07 September 2008

Director Spotlight: Luis Buñuel


Luis Buñuel was an amazing Spanish director who had a fine craft for surrealist film. In fact, you could even attribute the advent of surrealist film to him. Surrealist cinema's trademark is that it seeks to surprise, by creating strange objects & characters, illogical plotlines, bizarre costumes, freakish images, and above all, dream-like qualities, to shock and amuse the viewer. It was he, who, with his good friend Salvador Dalí, created the seminal and avant-garde film Un Chien Andalou in 1929. With a small budget, and nothing but images (sound was added later), they created a visual masterpiece. Set upon a story filled with imagery- death, love, dreams, bodies, man, woman- they depicted a world void of standards and conventional themes. They went on to collaborate on a second film, L'Age d'Or, with less success and critical acclaim.

Buñuel's career spanned half a century, and includes a mix of Spanish and French films. He directed some of foreign film's best-known movies [commentary for Nazarin, Viridiana, and La Voie Lactée coming soon].

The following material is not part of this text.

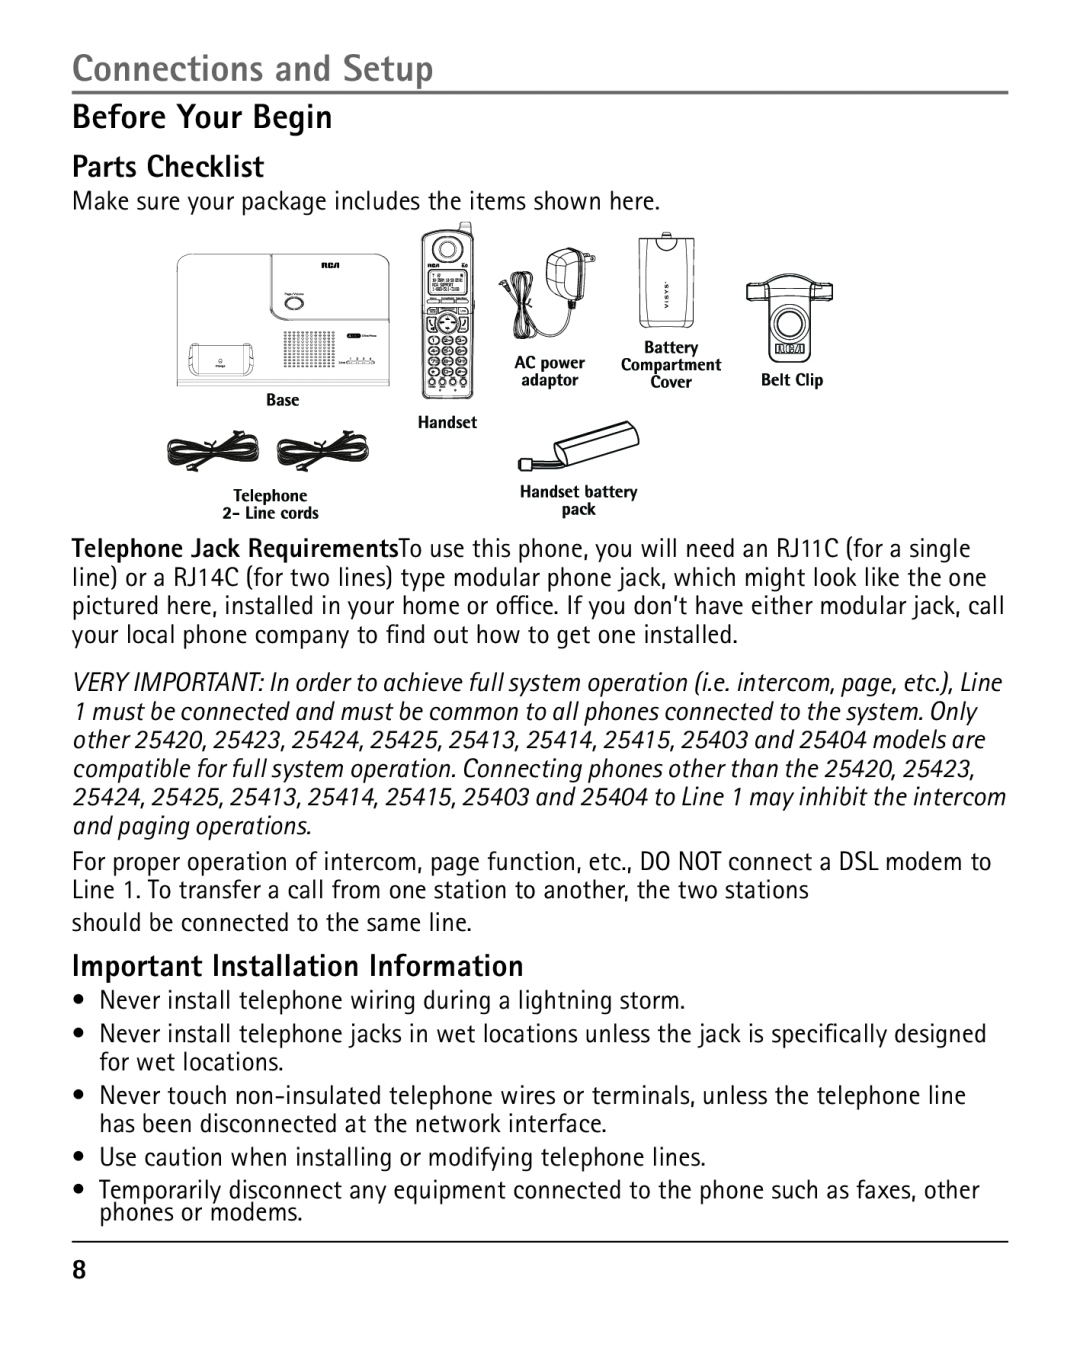 RCA 25420 manual Connections and Setup, Before Your Begin, Parts Checklist, Important Installation Information

In 1962 he started his collaboration with the famed French screenwriter, Jean-Claude Carrière, for Diary of a Chambermaid, starring Jeanne Moreau. Adapted from the Octave Mirbeau novel and filmed in gorgeous black-and-white, it focused on a bourgeois French family in the campagne. Scandal, lies, death and twisted characters abound, with Jeanne Moreau holding her own as a Parisian housekeeper who woos many men (including the devious Michel Piccoli) to get what she wants. My particular favorite was the patriarch, who, along with being bourgeois and snotty, happened to harbor a secret shoe fetish, and employs Moreau as a model for his shoe collection. In the backdrop lies the rise of French fascism in the 30s, which, in classic Buñuel fashion, is portrayed in a creepy, subversive way. This movie was the advent of the Buñuel-Carrière partnership that gave us 7 Buñuel masterpieces (3 of them I describe below).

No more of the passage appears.